I don’t think CEA should share specific criteria. I think they should give rejects brief, tentative suggestions of how to develop as an EA in ways that will strengthen their application next time. Growth mindset over fixed mindset. Even a completely generic “maybe you should get 80K advising” message for every reject would go a long way.
Earlier in this thread, I claimed that senior EAs put very little trust in junior EAs. The Goodharting discussion illustrates that well. The assumption is that if feedback is given, junior EAs will cynically game the system instead of using the feedback to grow in good faith. I’m sure a few junior EAs will cynically game the system, but if the “cynical system-gaming” people outweigh the “good faith career growth” people, we have much bigger problems than feedback. (And such an imbalance seems implausible in a movement focused on altruism.)

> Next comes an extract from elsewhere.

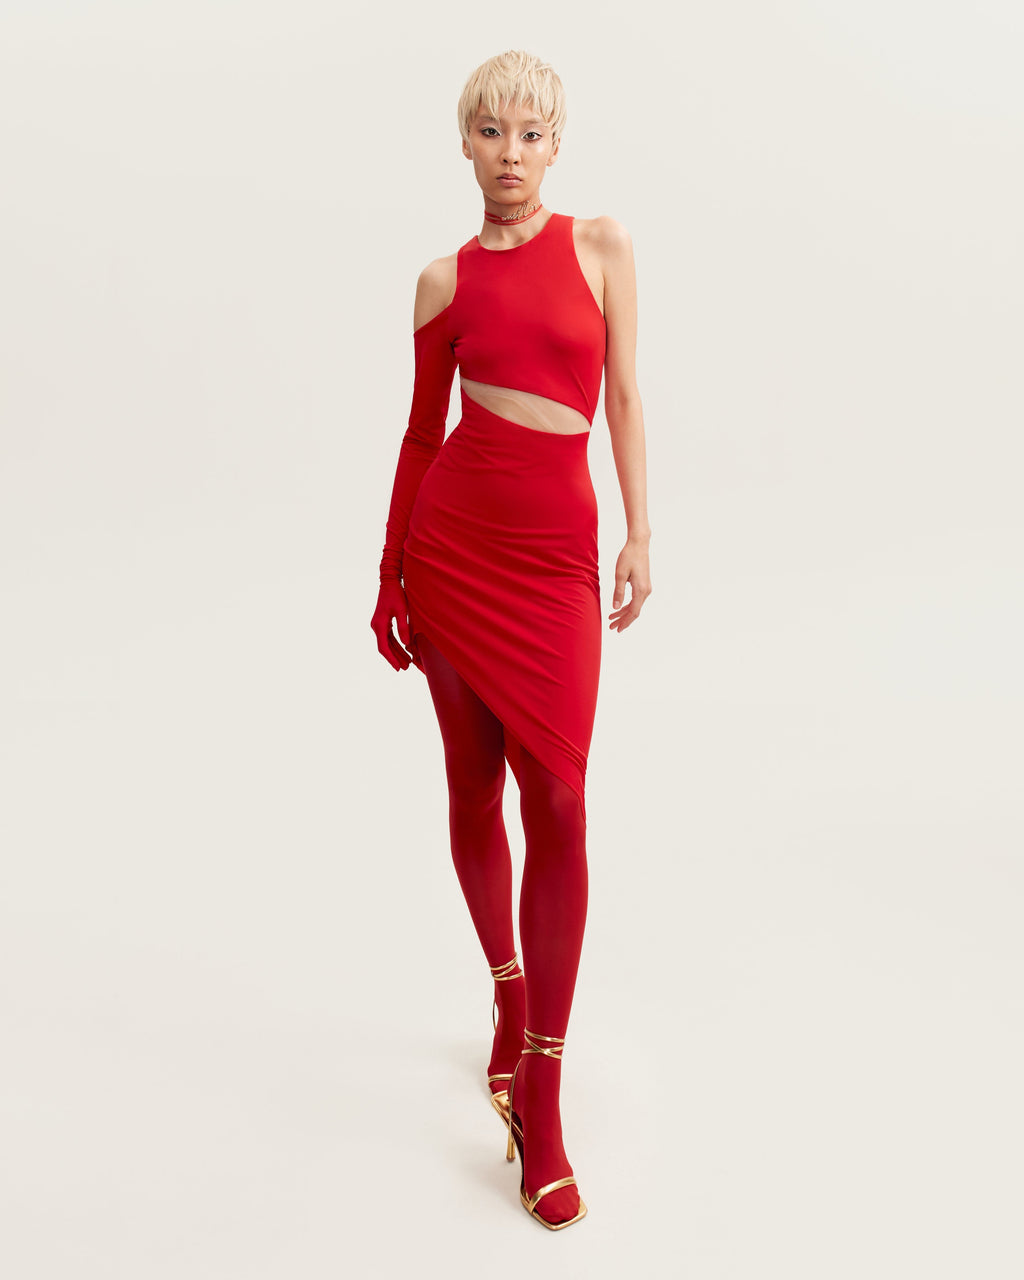 Jaw-dropping asymmetric red midi dress, Xo Xo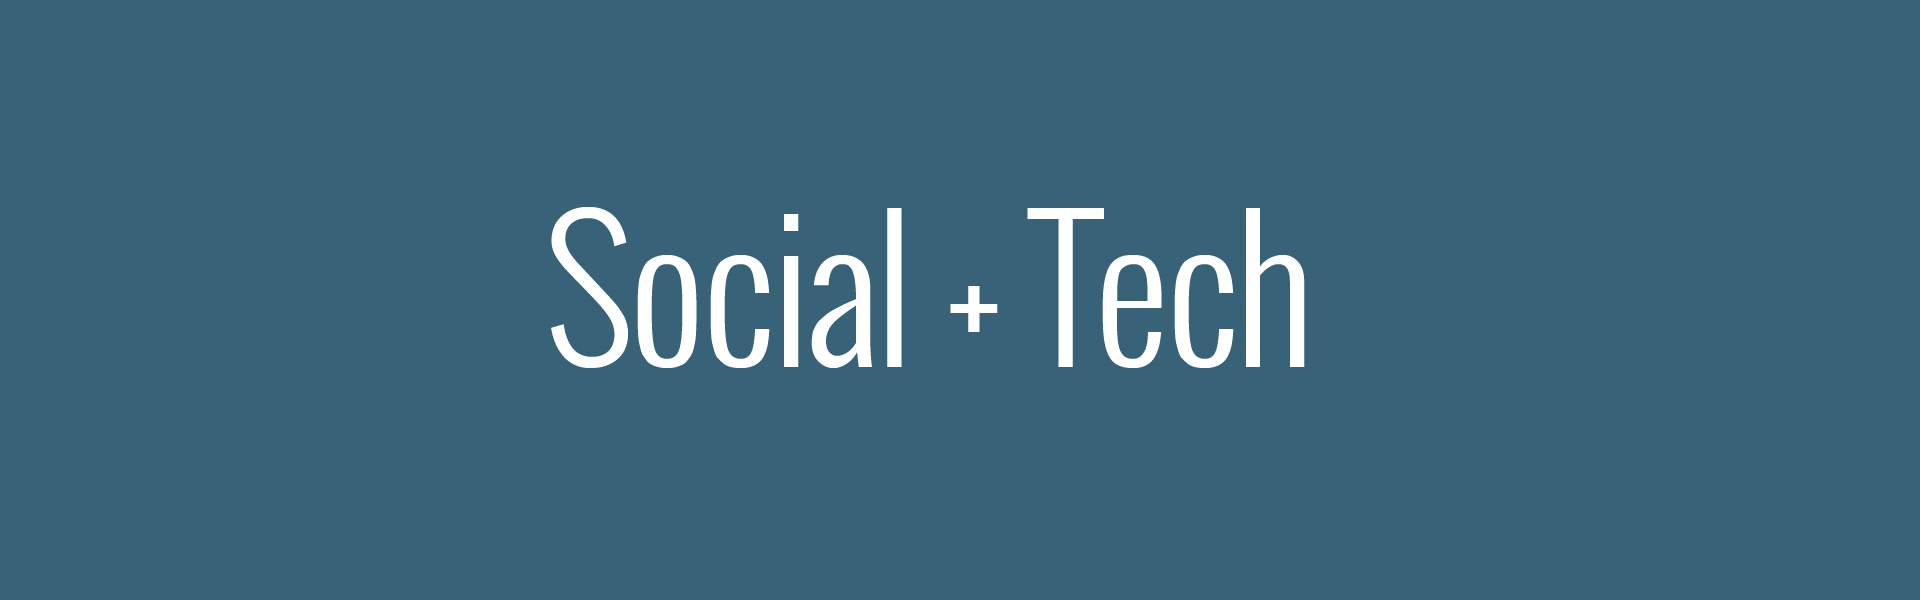 #SocialTech que serán diferentes: factores para tener en cuenta 2017-2023

I’d argue that lack of feedback actually invites cynical system-gaming, because you’re not giving people anywhere productive to direct their energies. And operating in a low-trust regime invites cynicism in general.
And the people who most need feedback are in my experience disproportionately likely to argue with you about it and make a stink to management.
Make it clear you won’t go back and forth this way.
This post explains why giving feedback is so important. If 5 minutes of feedback makes the difference for a reject getting bummed out and leaving the EA movement, it could be well worthwhile. My intuition is that this happens quite a bit, and CEA just isn’t tracking it.
Re: making a stink—the person who’s made the biggest stink in EA history is probably Émile P. Torres. If you read the linked post, he seems to be in a cycle of: getting rejected, developing mental health issues from that, misbehaving due to mental health issues, then experiencing further rejections. (Again I refer you to the “Cost of Rejection” post—mental health issues from rejection seem common, and lack of feedback is a big factor. As you might’ve guessed by this point, I was rejected for some EA stuff, and the mental health impact was much larger and longer than I would’ve predicted in advance.)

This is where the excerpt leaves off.